_INFORMATION SUPPLIED:_
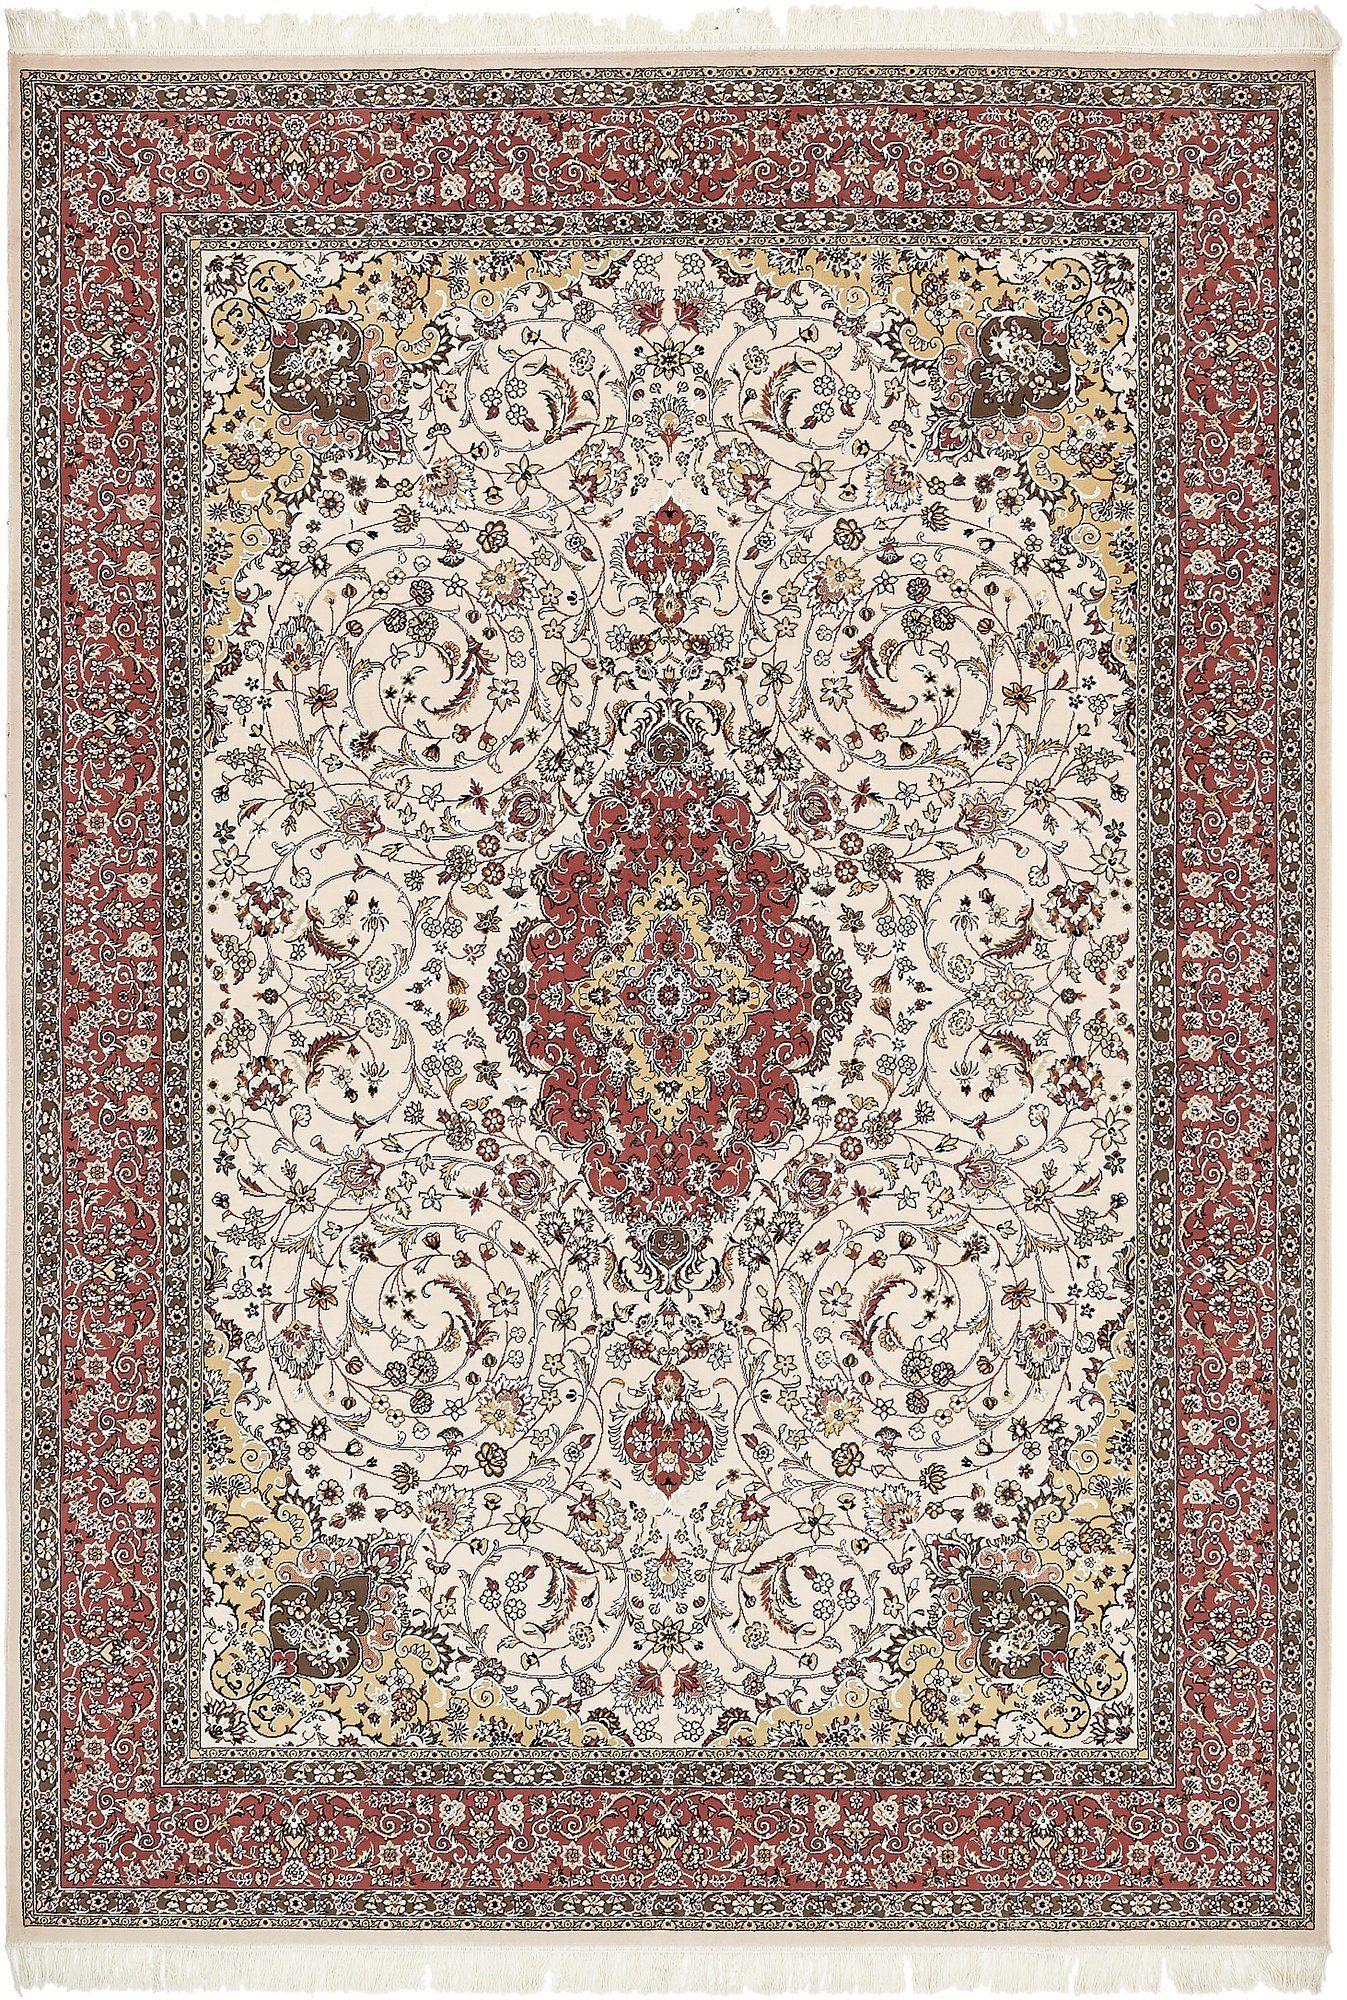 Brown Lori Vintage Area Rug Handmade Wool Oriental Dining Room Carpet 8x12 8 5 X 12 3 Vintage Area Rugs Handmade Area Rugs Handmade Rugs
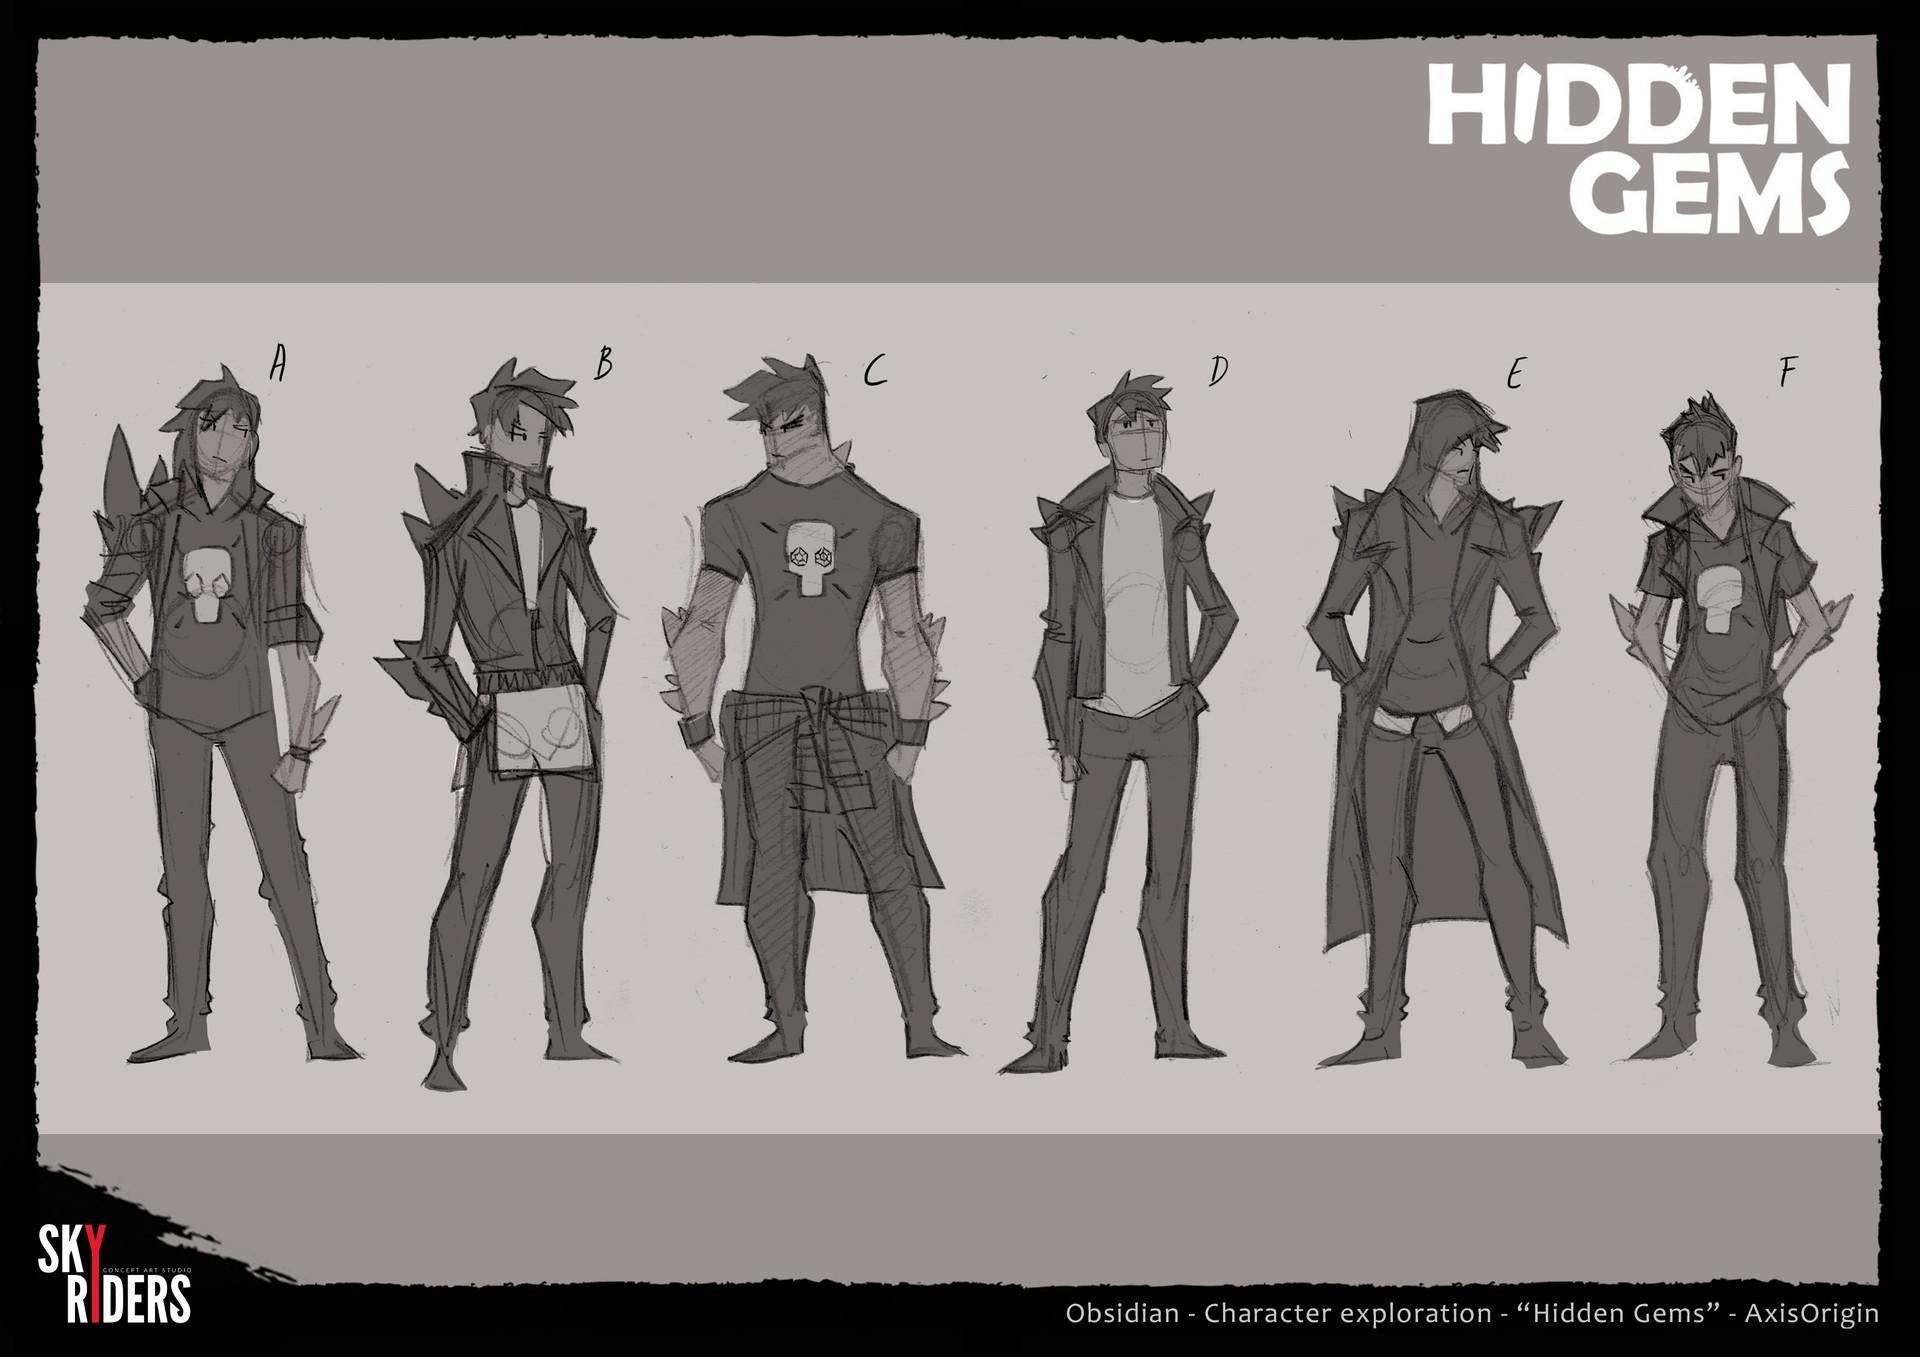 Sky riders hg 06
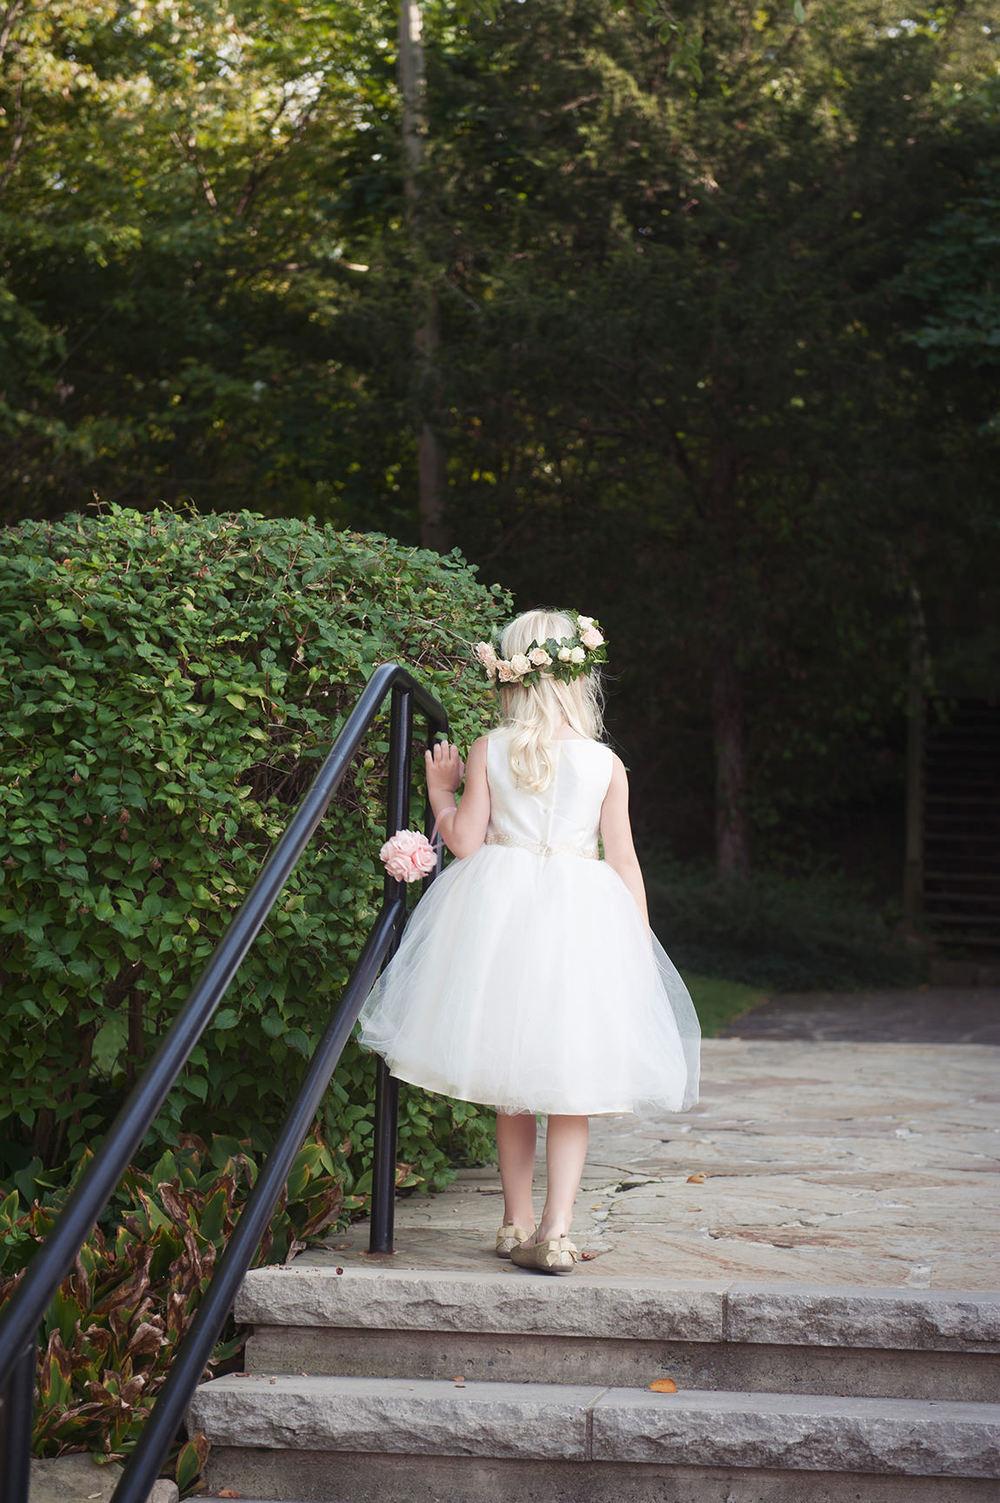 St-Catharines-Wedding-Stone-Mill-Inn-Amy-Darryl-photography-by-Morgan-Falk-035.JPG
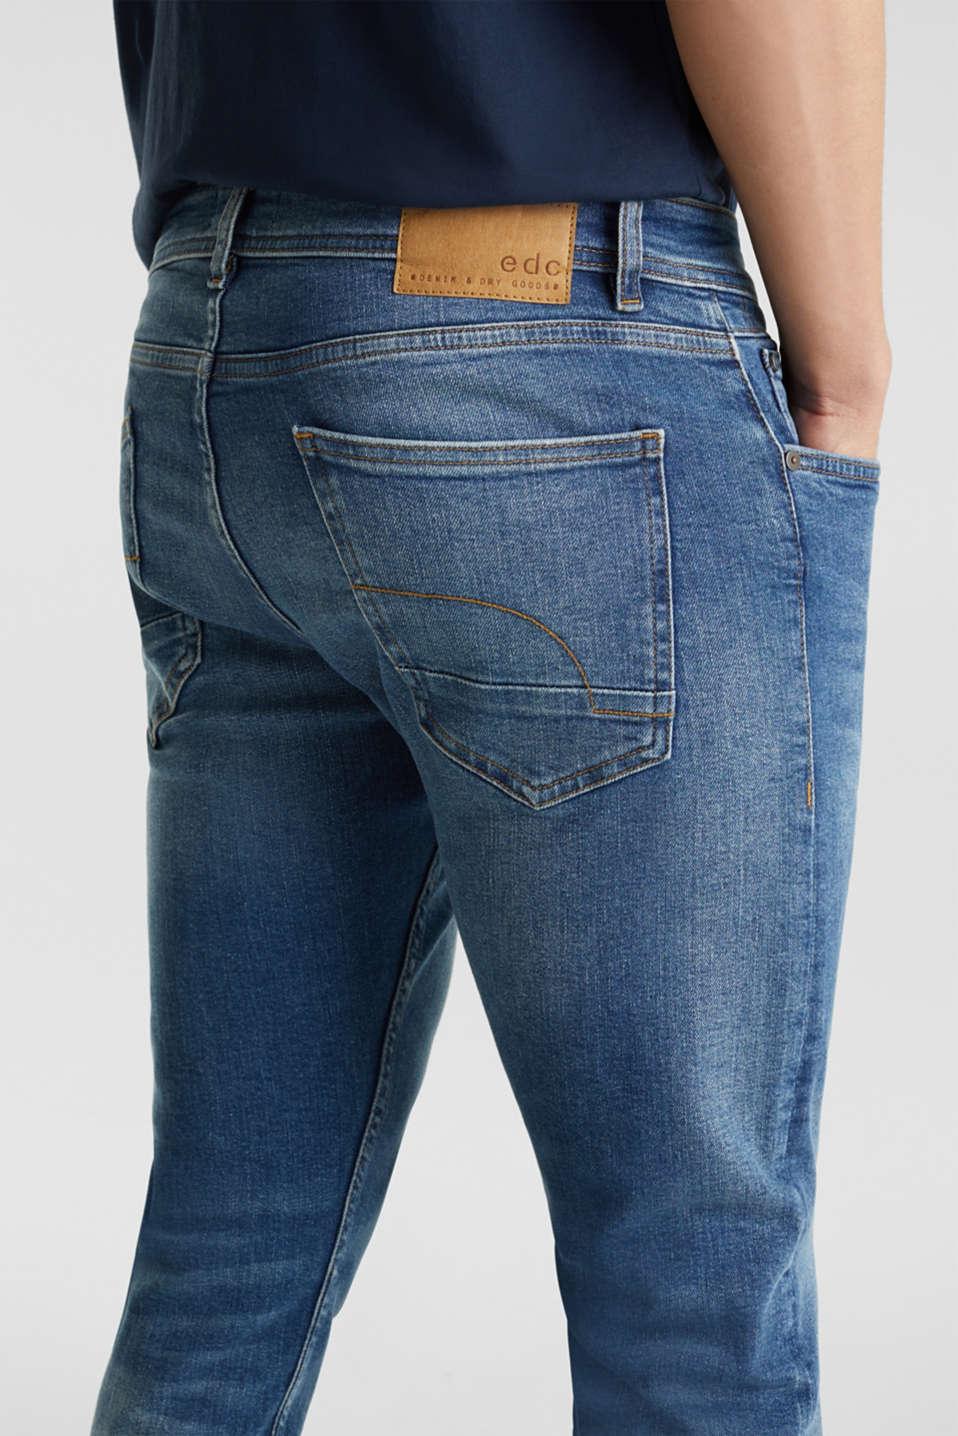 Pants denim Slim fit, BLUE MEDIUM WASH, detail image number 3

_YOUR GOAL:_ The result should be a transcript of the lines from the line containing "Sky riders hg 06" through the end of the listing above, exact, inclusive, and without pictures.

_REPLY TO THE TASK:_
 Sky riders hg 06
 St-Catharines-Wedding-Stone-Mill-Inn-Amy-Darryl-photography-by-Morgan-Falk-035.JPG
 Pants denim Slim fit, BLUE MEDIUM WASH, detail image number 3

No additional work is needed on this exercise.